Source: “On the Resurrection: volume 1”: Evidences, 2024 by Gary Habermas Published by B&H Academic Brentwood, Tennessee.
Jesus Extrabiblical Evidence.pdf

This comprehensive source delves into the historical evidence for Jesus's existence, moving beyond the New Testament to explore non-Christian and ancient texts. It first addresses the "mythicist" debate, asserting that the scholarly consensus firmly supports Jesus's historical reality, largely dismissing arguments to the contrary as lacking academic rigor. The core of the discussion then systematically reviews various ancient non-Christian sources, including Roman historians like Tacitus and Josephus, government officials such as Pliny the Younger, and Jewish writings like the Mishnah and Talmud, all of which provide independent corroboration of key events in Jesus's life, death, and the rise of early Christianity. The text also examines gnostic and lost works, acknowledging their later dates and theological biases, before concluding that these diverse sources collectively offer a remarkably consistent outline of Jesus's life, teachings, crucifixion, and the subsequent emergence of his followers, even providing some intriguing, though less conclusive, hints about the empty tomb and his resurrection.
Few topics ignite online debate like the question of the historical Jesus of Nazareth. Discussions often descend into a polarized battle between believers quoting scripture and skeptics demanding proof outside of it. A common claim is that without the New Testament, there is no real evidence that Jesus ever existed at all. But is that true? What happens when we set aside the canonical gospels and letters of the apostles and look only at the surviving records of his contemporaries and near-contemporaries?

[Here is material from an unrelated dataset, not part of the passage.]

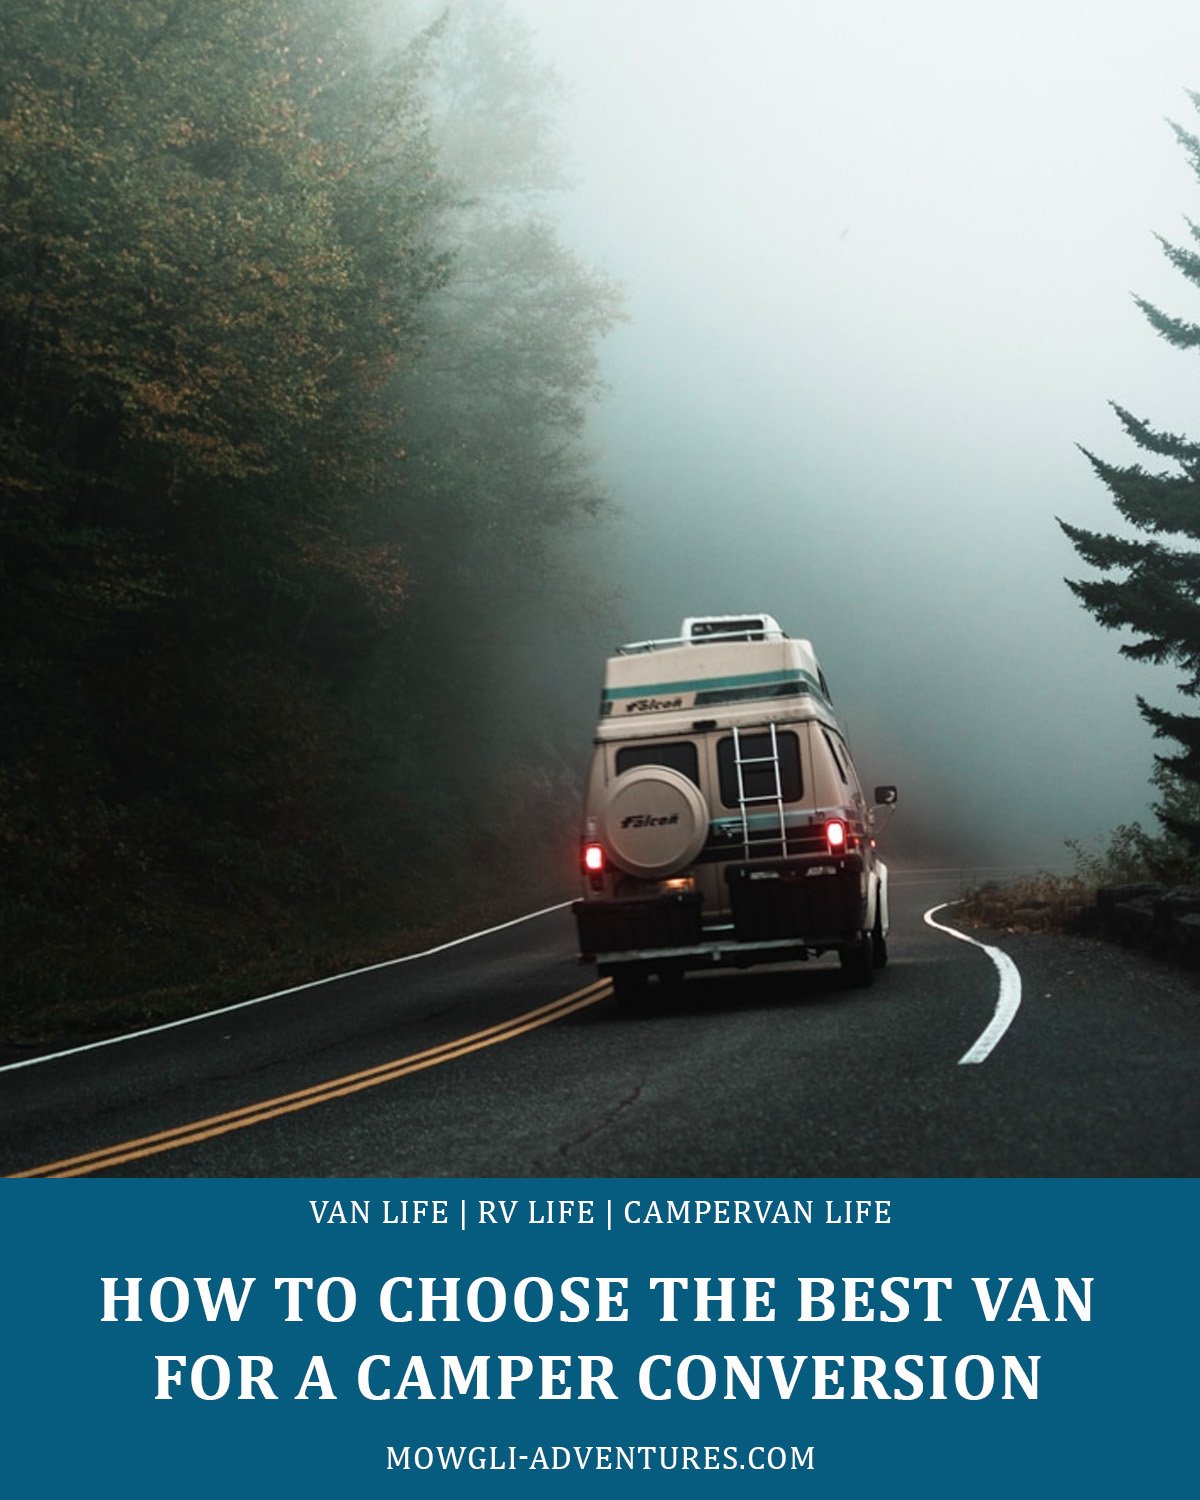 How to Choose the Best Van for a Camper Conversion

This article steps away from the realm of faith and into the domain of historical inquiry. We will explore what ancient, non-Christian sources—Roman historians, government officials, Jewish religious texts, and even hostile Greek philosophers—reveal about Jesus and the movement that followed him. The findings are often more detailed and surprising than most people think. These accounts, sometimes written by people who despised Christians and their beliefs, provide a fascinating cross-section of how the ancient world saw the man from Nazareth.
In modern discussions, the position that Jesus of Nazareth never existed is known as "Jesus Mythicism." While popular in certain corners of the internet, this view is considered a fringe theory by the overwhelming consensus of specialists in ancient history, early Christianity, and New Testament studies.
Interestingly, some of the most withering critiques of mythicism come not from Christian apologists, but from prominent agnostic scholars who do not personally hold to Christian beliefs. A key example is Bart Ehrman, a leading and highly respected New Testament scholar. Ehrman's main criticisms are direct and based on historical methodology: he points out that the vast majority of mythicist writers are not trained scholars in the relevant academic fields, and that their arguments are often poorly constructed, ignoring or misinterpreting the primary data that all other historians in the field rely upon.